Scientists deconstruct cell division

Fibrous structures called spindles form, which then move the chromosomal material toward opposite ends of a cell and help partition other cell contents. If something goes wrong, diseases such as cancer can arise. Scientists have tried for years to unravel the process of spindle assembly. Now, researchers at Carnegie's Department of Embryology have found that two proteins— dynein and Nudel—involved in other cell-division functions, are essential to regulate assembly of the spindle matrix.

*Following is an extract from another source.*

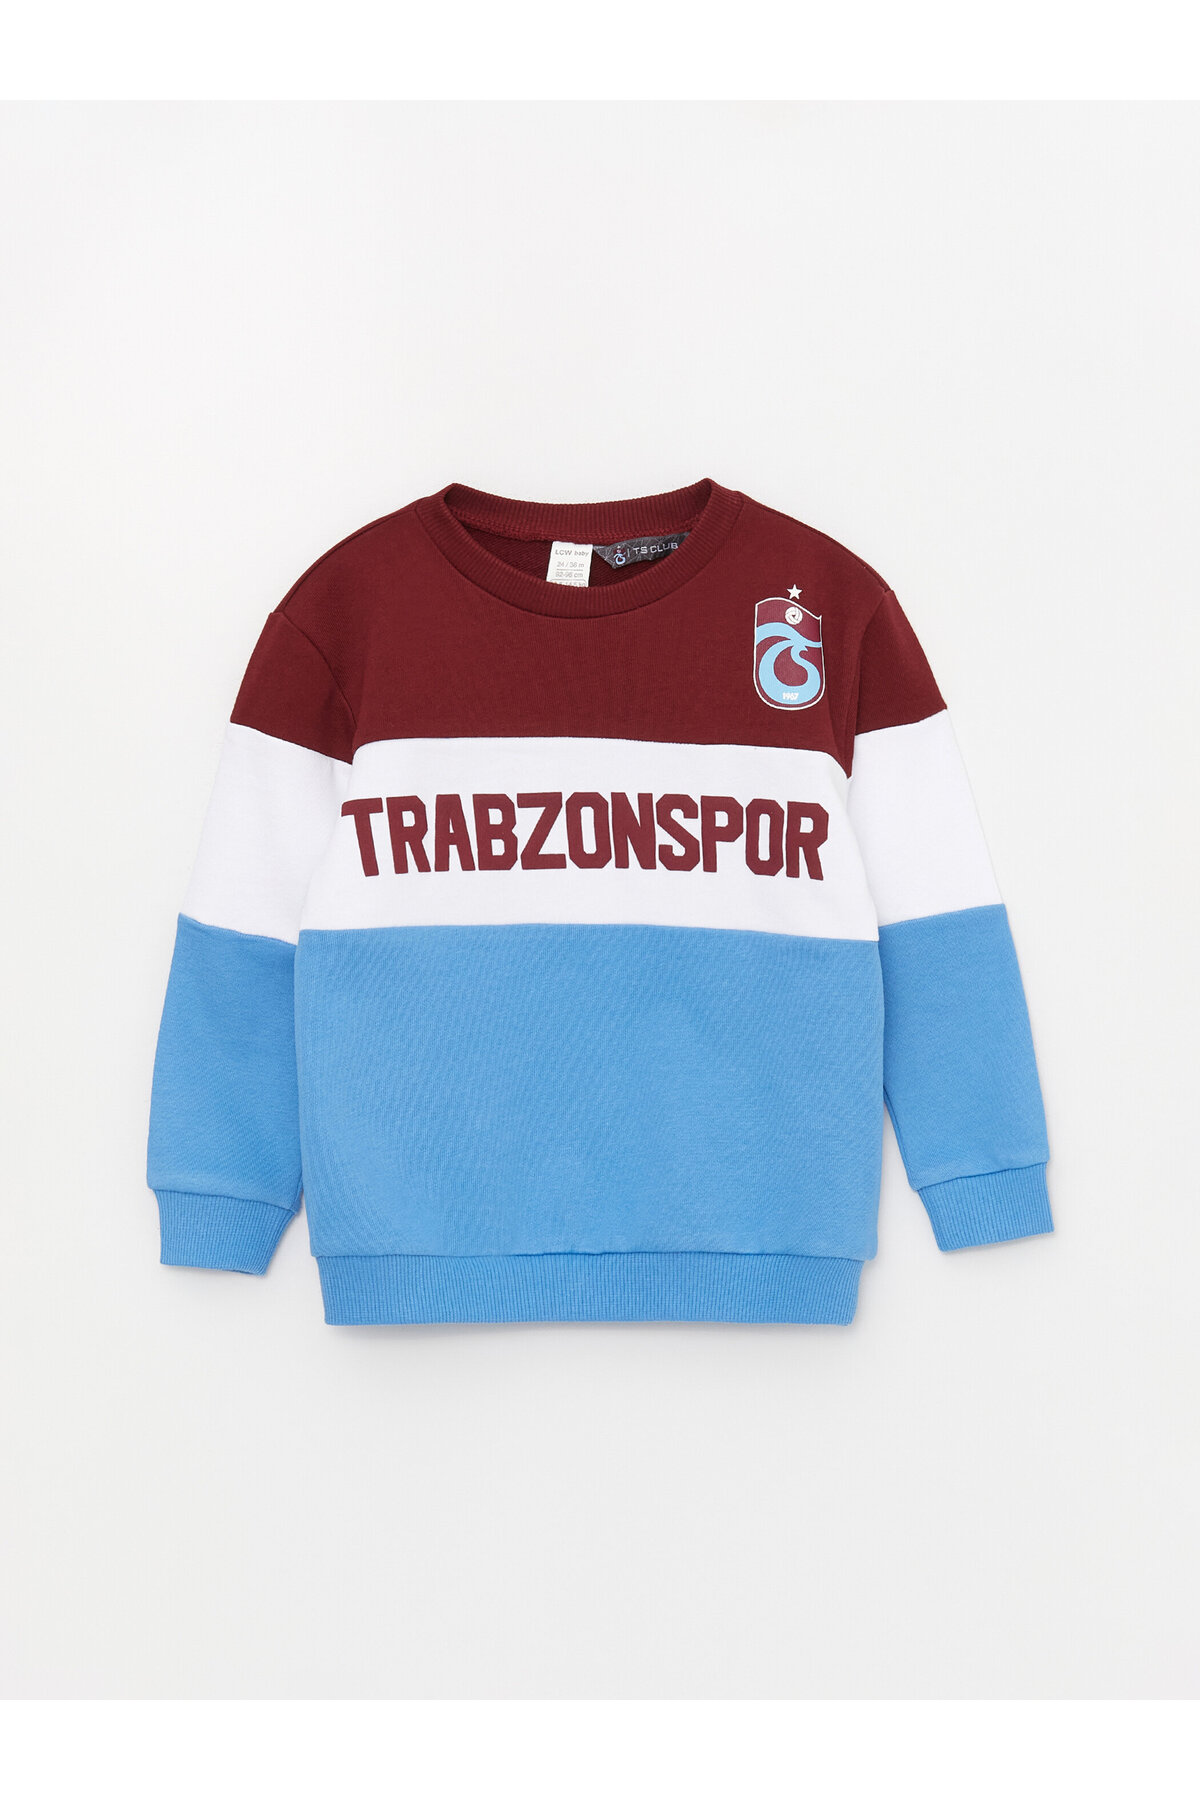 LC Waikiki Crew Neck Long Sleeve Trabzonspor Printed Baby Boy Sweatshirt

"The mechanisms that cells use during division to partition both chromosomes and regulatory factors into their daughters are widely recognized as among the most fundamental processes in all of biology. During the last several years no one has done more than Yixian Zheng to broaden our understanding of how dividing cells control these critical events," said Allan Spradling, Department of Embryology director.

"To ensure proper cell division, the mother cell needs to separate its genetic materials, the chromosomes, equally, but also partition its cellular content properly into daughter cells," explained co-author Yixan Zheng. "Cell division allows a fertilized egg to develop into multicellular organisms with different types of cells. It also replenishes adult tissues, such as skin and bones. Forming a spindle requires the assembly of a 'skeleton' from tube-like microtubules and the construction of a poorly defined scaffold called a spindle matrix."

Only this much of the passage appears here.